AIM OF THE TASK: Exactly the lines from the line that has "Buy Platinum Engagement" through the final line below are to be retyped, and the pictures are not.

GIVEN MATERIAL:

*** Block opens ***

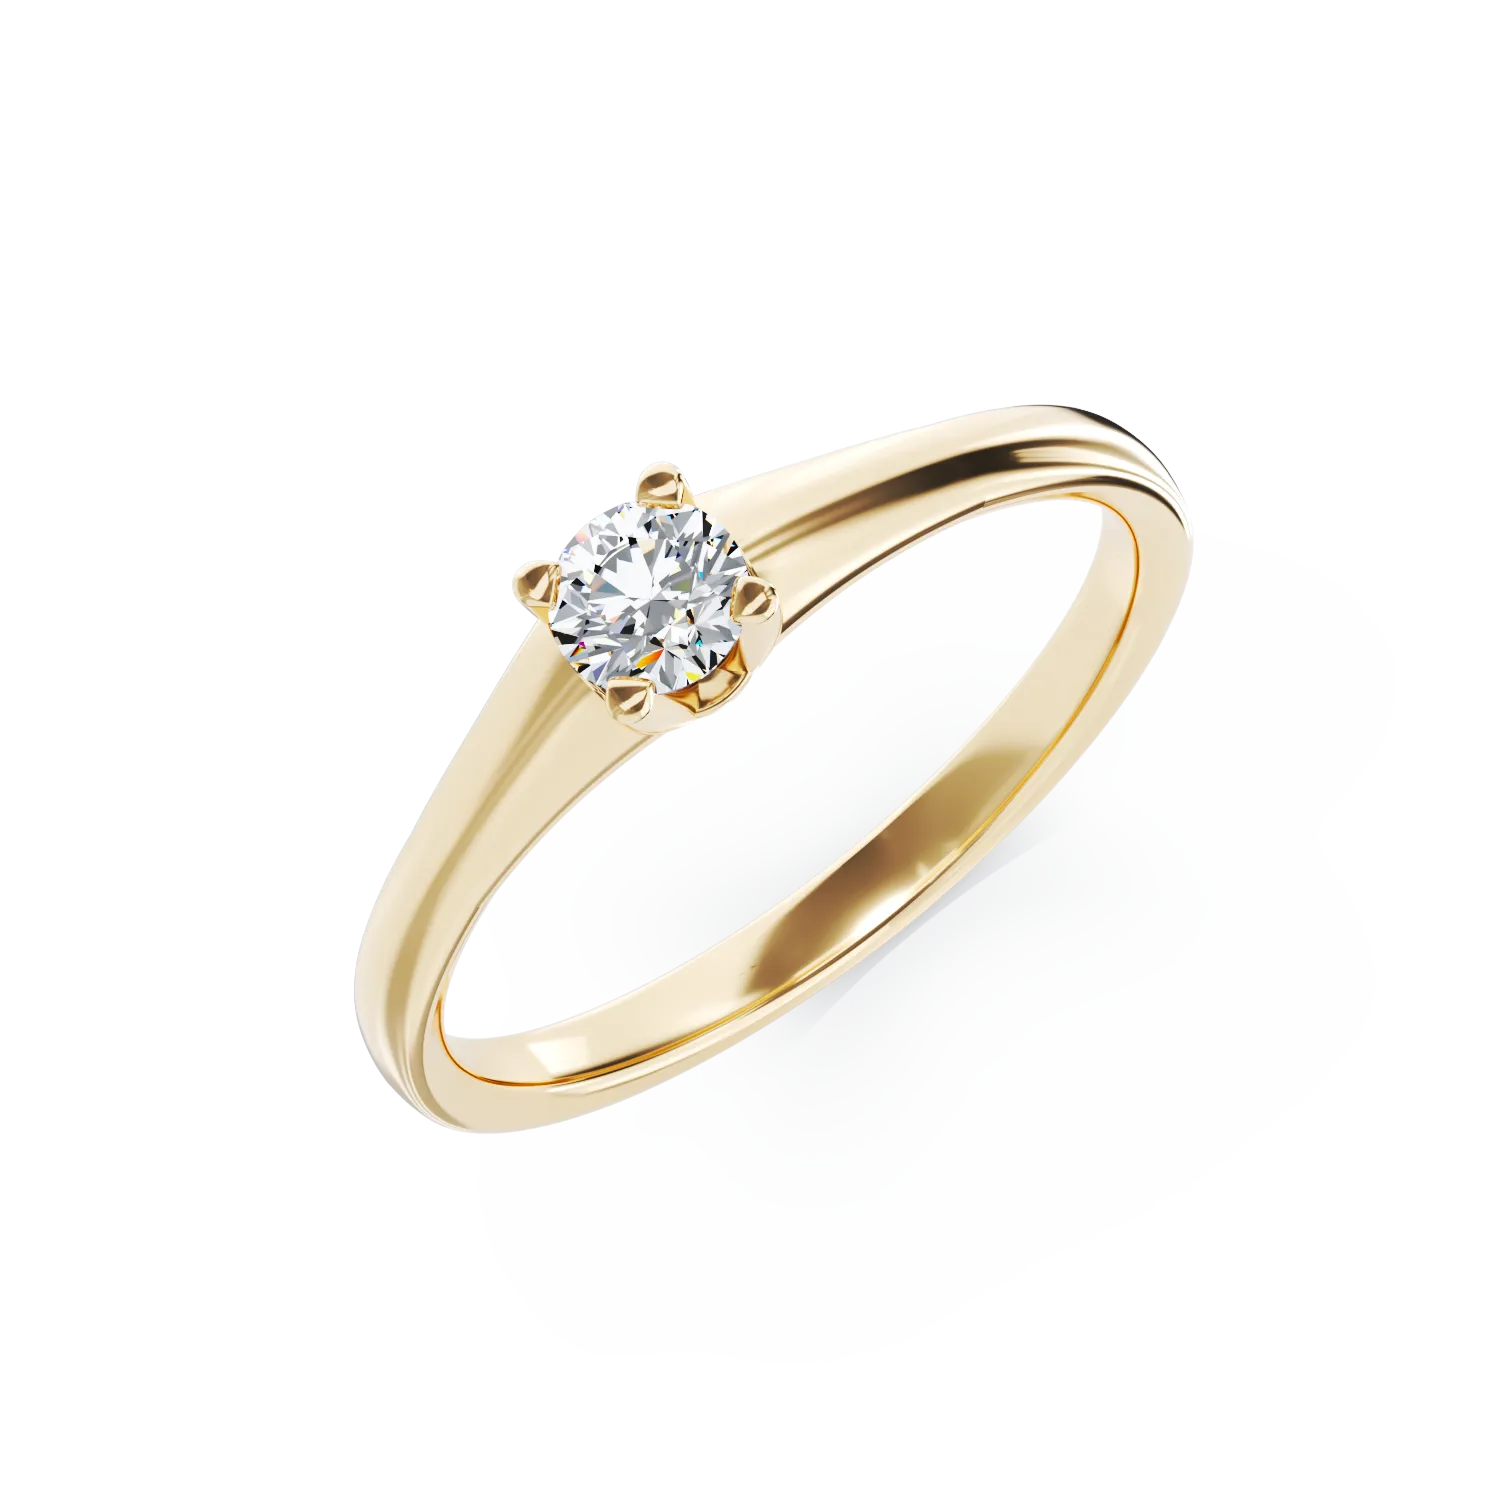 18K yellow gold engagement ring with a 0.19ct solitaire diamond
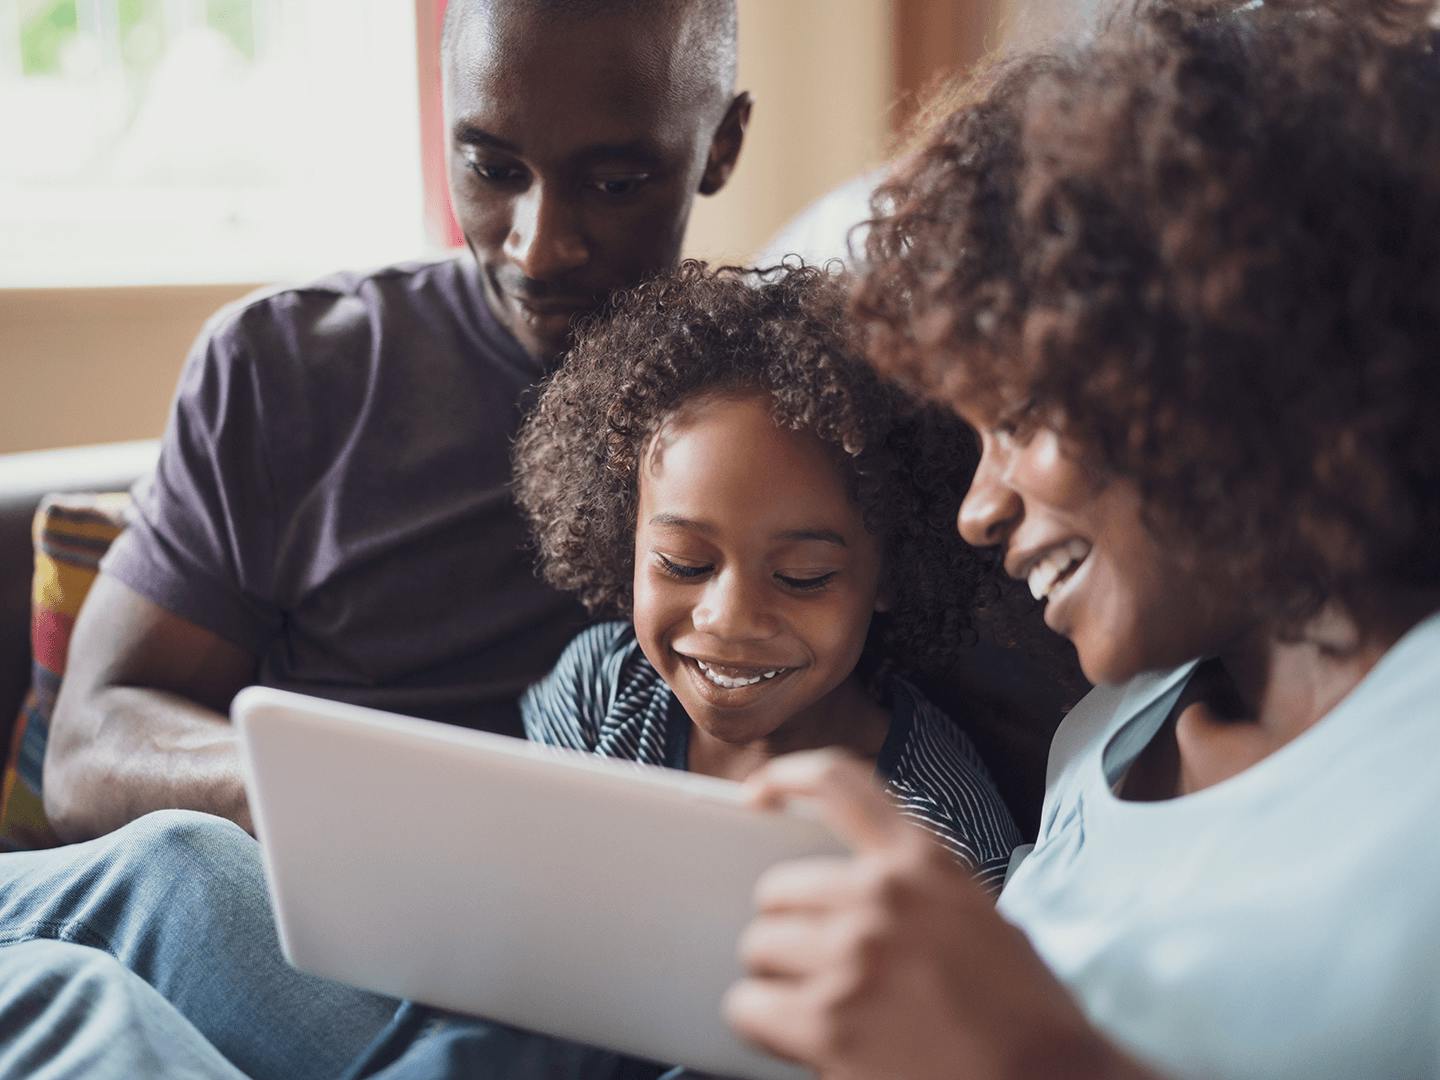 Child and her parents looking at a tablet device together.
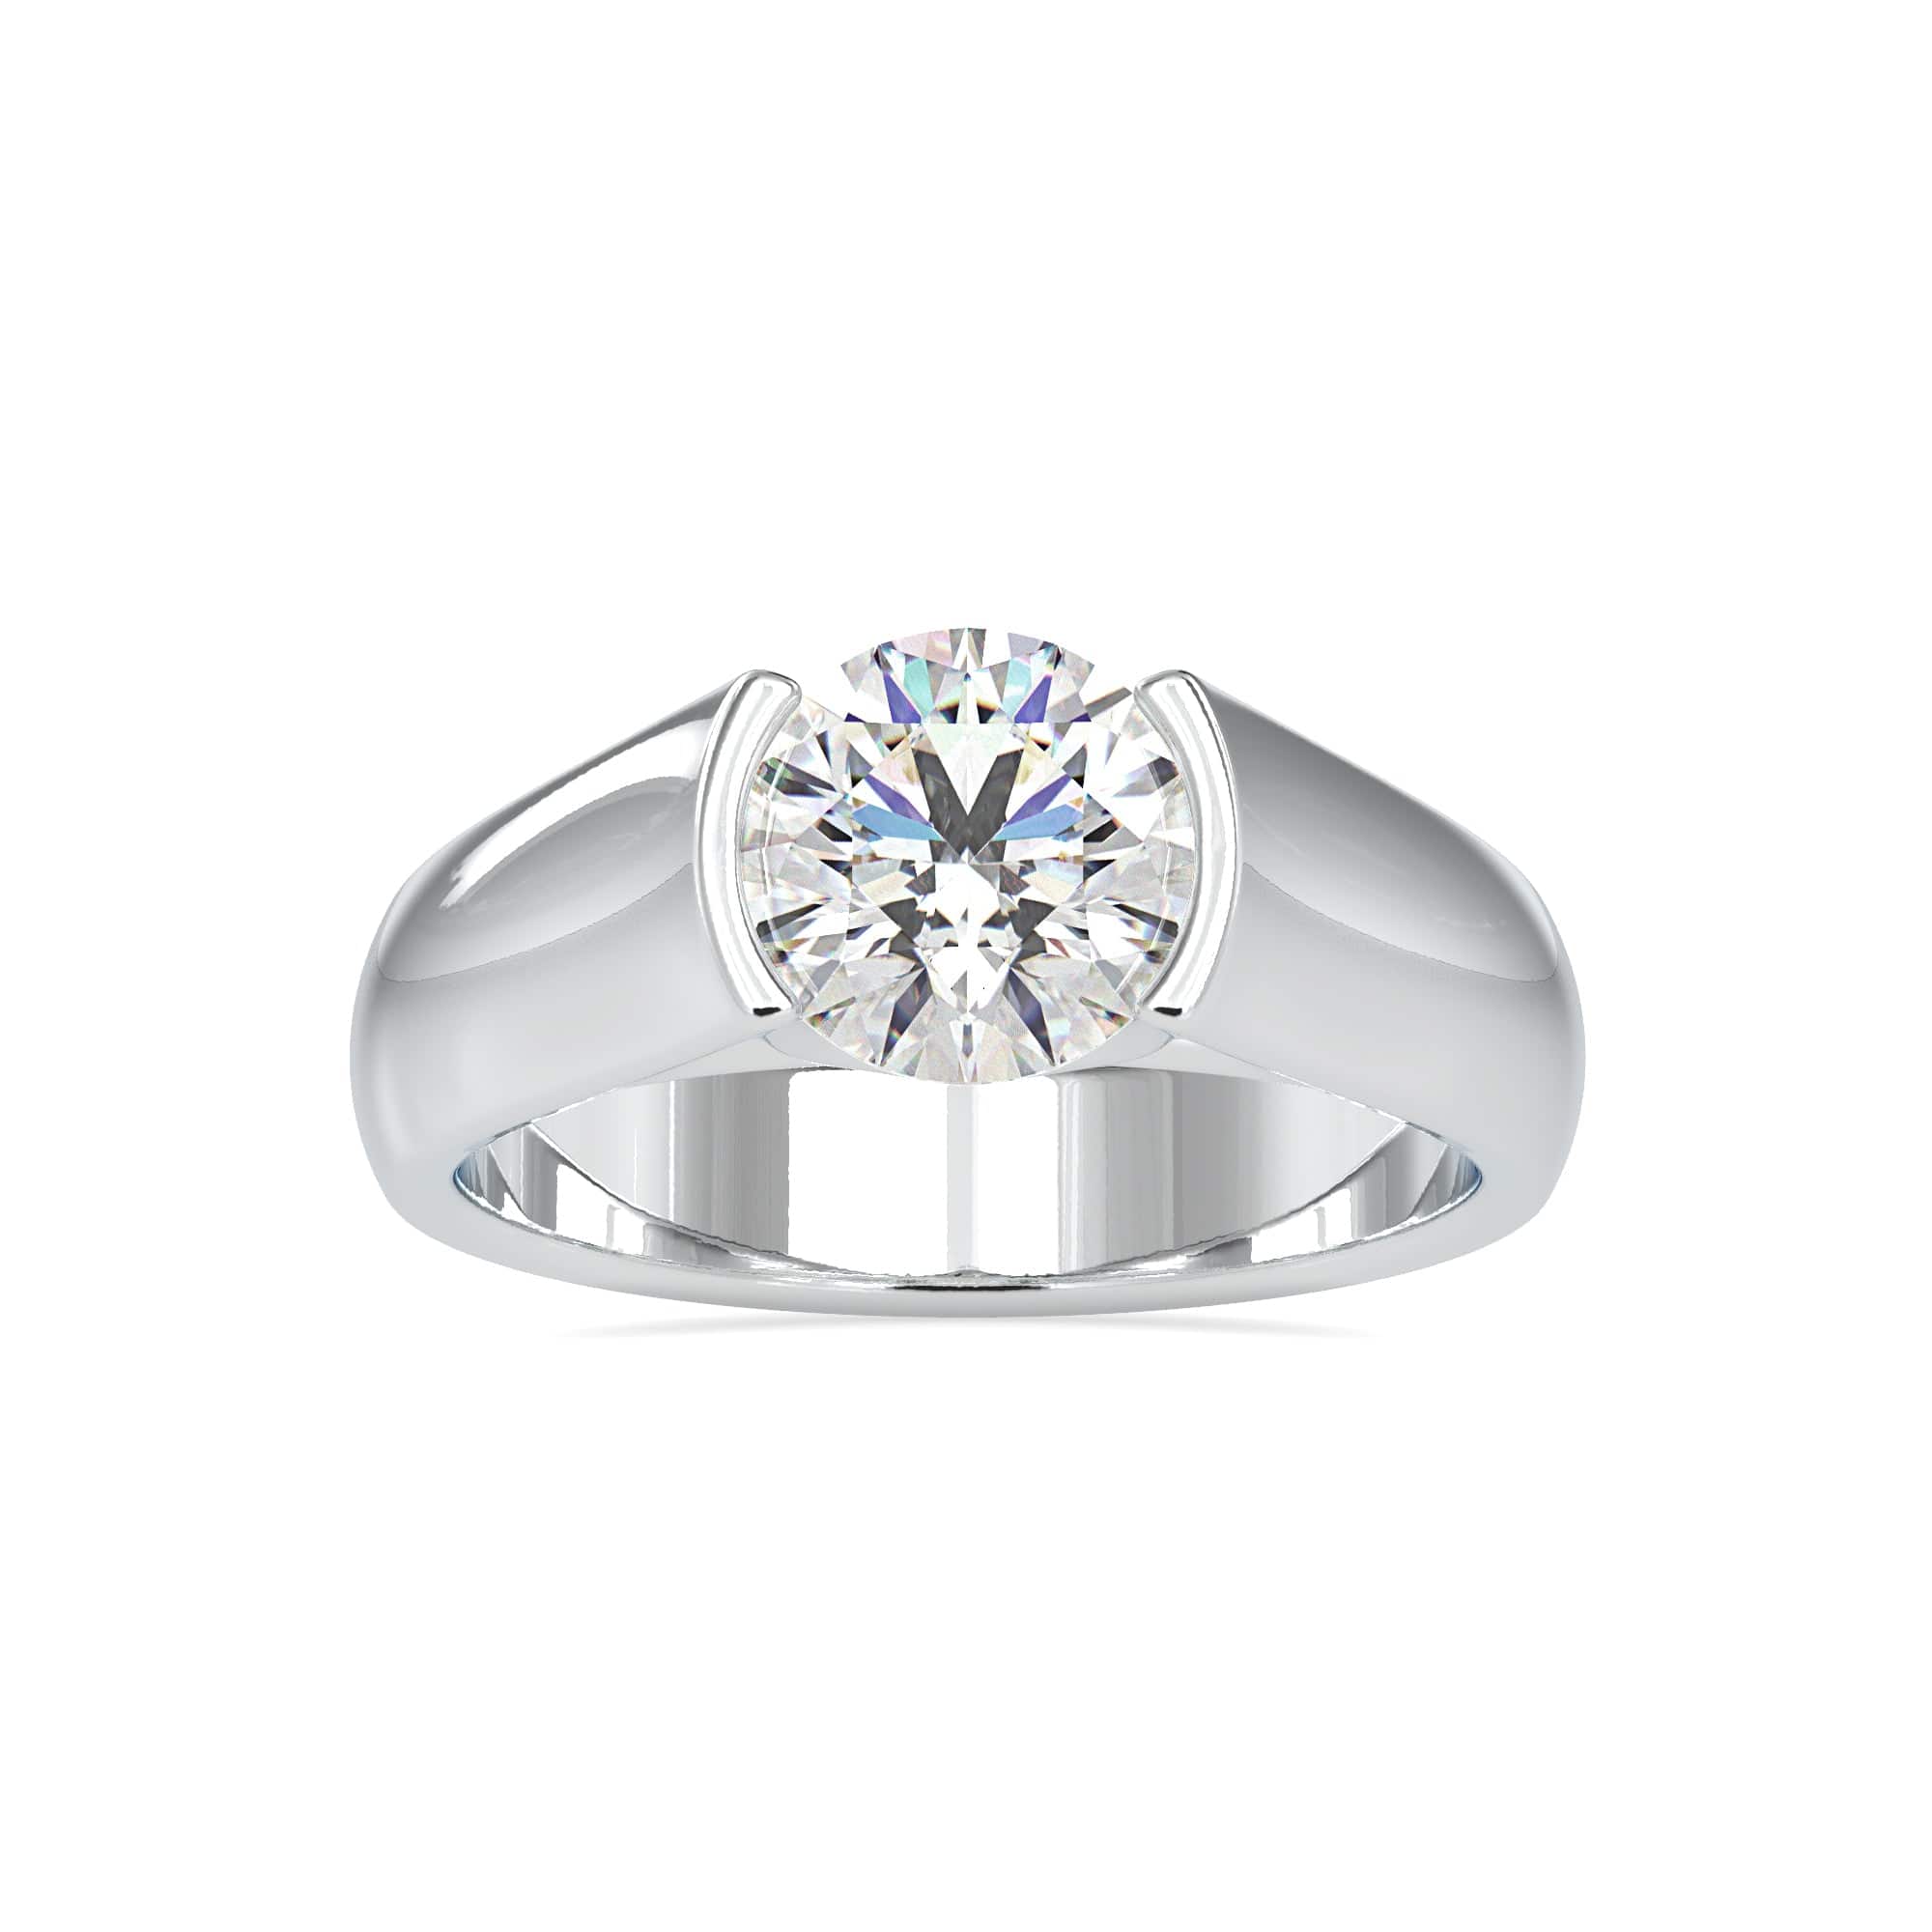 Buy Platinum Engagement Ring in India | Chungath Jewellery Online- Rs.  36,370.00
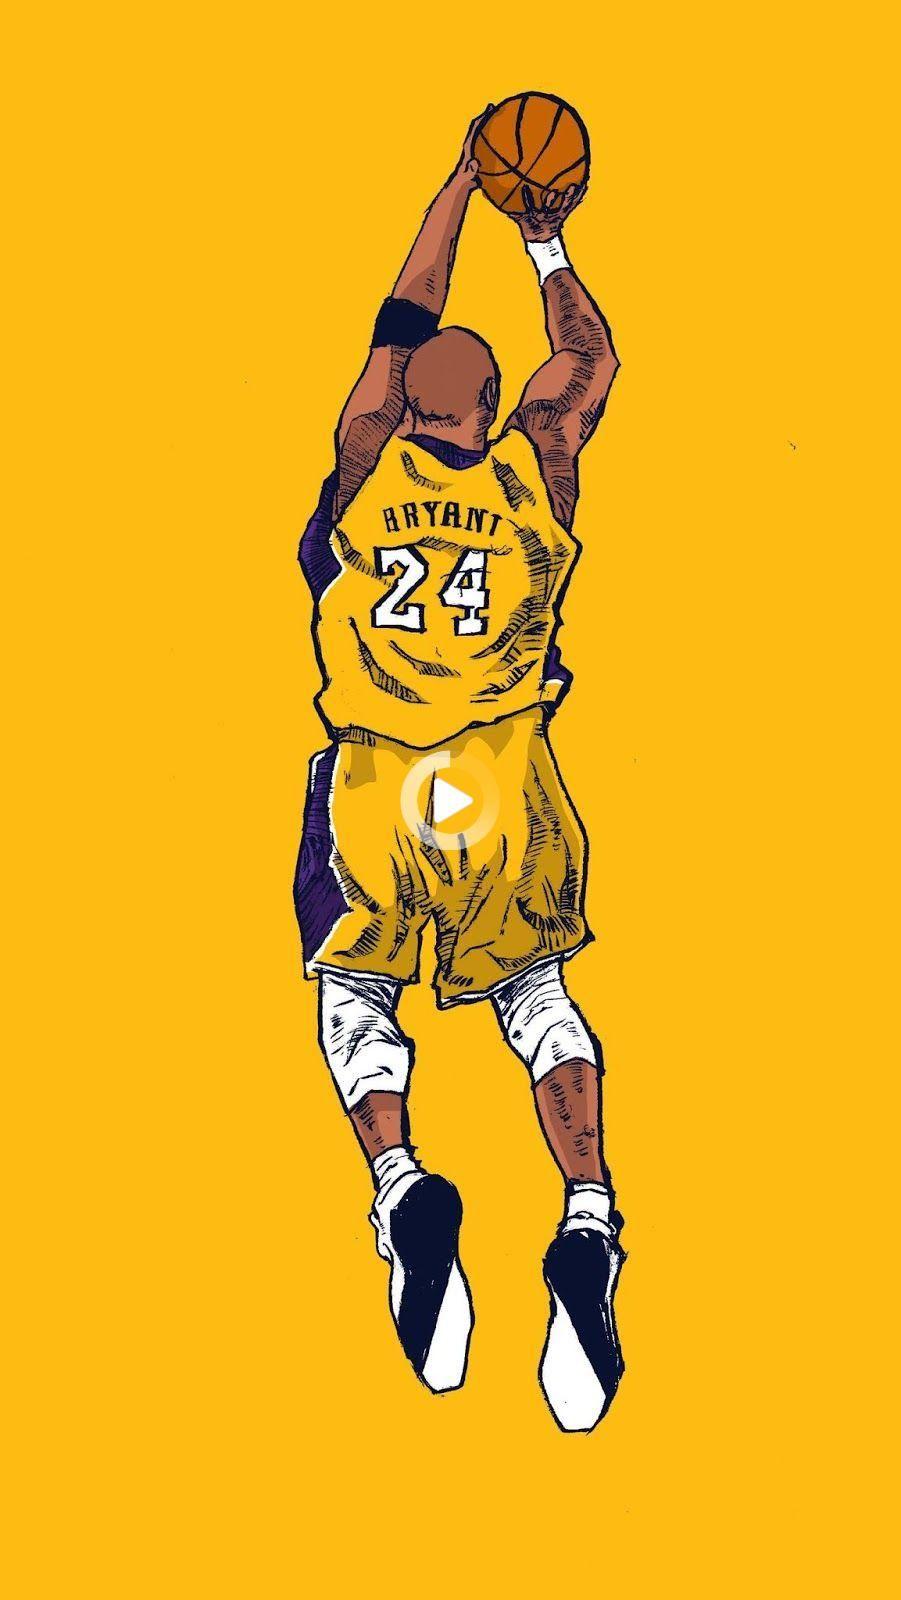 HoopsWallpaperscom  Get the latest HD and mobile NBA wallpapers today   Blog Archive NEW Kobe Bryant Tribute wallpaper  HoopsWallpaperscom  Get  the latest HD and mobile NBA wallpapers today

*** Block closes ***

FINISHED EXERCISE:
 Buy Platinum Engagement Ring in India | Chungath Jewellery Online- Rs.  36,370.00
 HoopsWallpaperscom  Get the latest HD and mobile NBA wallpapers today   Blog Archive NEW Kobe Bryant Tribute wallpaper  HoopsWallpaperscom  Get  the latest HD and mobile NBA wallpapers today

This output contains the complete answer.